# Saturday Project (Gear Box w/ Pics)



## roger23 (Jan 14, 2001)

nice job!... I built one not that nice.I put regular drawer locks on it it was broken into while fishing .I ended up putting eye bolts on the sides and drawers and running a chain through it to lock it up ..I also bolted it to the truck


----------



## Hevi (May 18, 2004)

wyle_e_coyote said:


> Looks great, Jay!
> 
> 
> [Steelheadfred] 9:27pm: Why is Jay building a gear box when you should be hunting?
> ...


 
LOLOLOL!!!!:lol:


----------



## dogn4birdz (Aug 24, 2004)

Nice box you have there, Jay. Scott has seen mine already, it is a sight to behold. Color, I went with an orange I got at Menards, dutch boy, some Crayola orange color. Anyhow job well done.


----------



## GVSUKUSH (Mar 9, 2004)

I'm looking foward to viewing your spacious box in real life.


----------



## Topshelf (May 24, 2005)

Rooster_Smasher said:


> Deep Green, then after it drys real good paint Black paw prints on it... Might be able to find a templet thingy at an Art supply type store for the paw prints.
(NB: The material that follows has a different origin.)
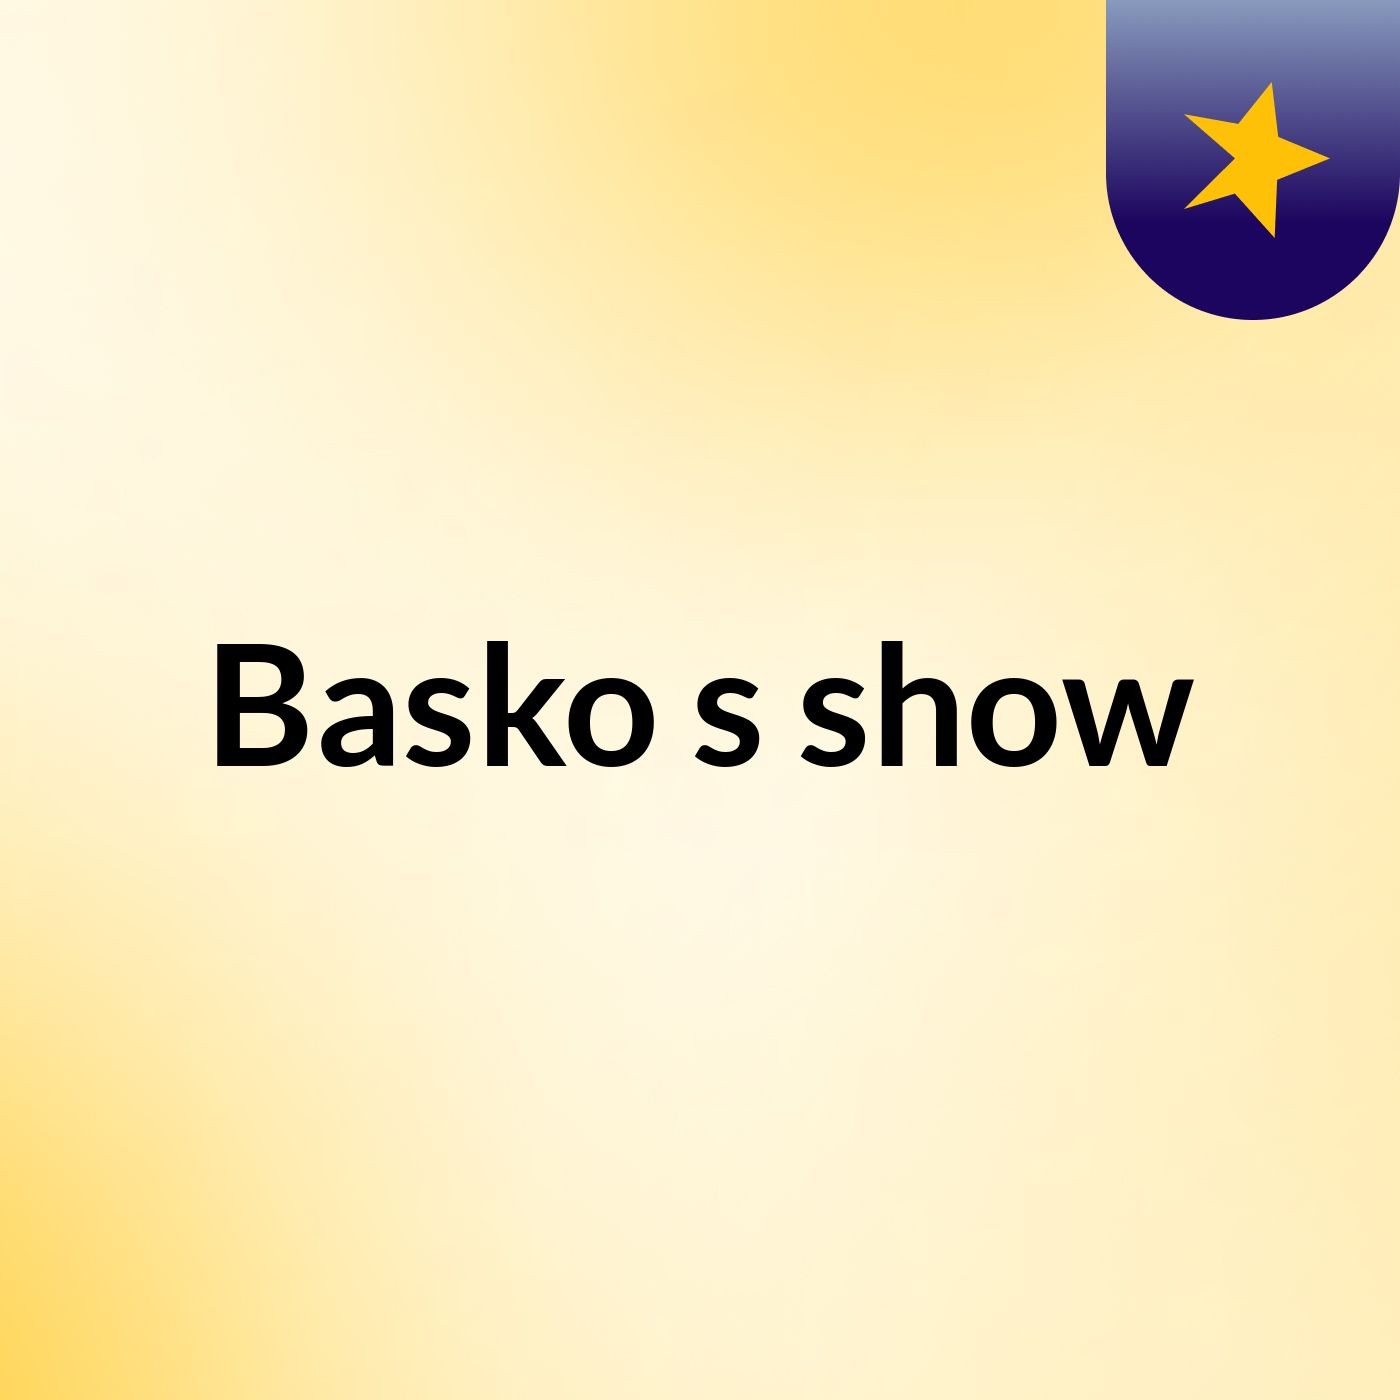 Basko's show

Instead of buying a template just trace your dogs foot onto some decent cardboard and then cut it out with an exacto Knife.


----------



## midwestfisherman (Apr 19, 2001)

Topshelf said:


> Instead of buying a template just trace your dogs foot onto some decent cardboard and then cut it out with an exacto Knife.


I don't think the dog would appreciate having his foot cut out with an exacto knife! ne_eye:


----------



## MIoutdoorsjunkie (Oct 11, 2006)

Very, very nice... I think I am going to build something similar for my pickup.


----------



## 2ESRGR8 (Dec 16, 2004)

For $20 you can add a lock to your tailgate, stops access to your drawers.


----------



## Tecumseh (Aug 13, 2004)

GVSUKUSH said:


> I'm looking foward to viewing your spacious box in real life.


 
I bet the girls fall for that line all the time.

Great job pahtridge.


----------



## Rugerdog (Sep 19, 2005)

2ESRGR8 said:


> For $20 you can add a lock to your tailgate, stops access to your drawers.


You could market this to inmates at prisons...


----------



## midwestfisherman (Apr 19, 2001)

Rugerdog said:


> You could market this to inmates at prisons...


:lol::lol::lol::lol:


----------



## Bonz 54 (Apr 17, 2005)

PH,

Nice job, I'm planning to do something like that to my S-10 after I get a Cap. FRANK.


----------



## 2ESRGR8 (Dec 16, 2004)

Rugerdog said:


> You could market this to inmates at prisons...


The jobs all yours, get crackin'.


----------



## BarryPatch (Jul 21, 2004)

Nice drawers.


----------



## metro49 (Nov 24, 2006)

2ESRGR8 said:


> The jobs all yours, get crackin'.


Forget it Scott. Someone already beat you to it. I guess the idea of locking your drawers has been around for a long time. Don't waste your money.


----------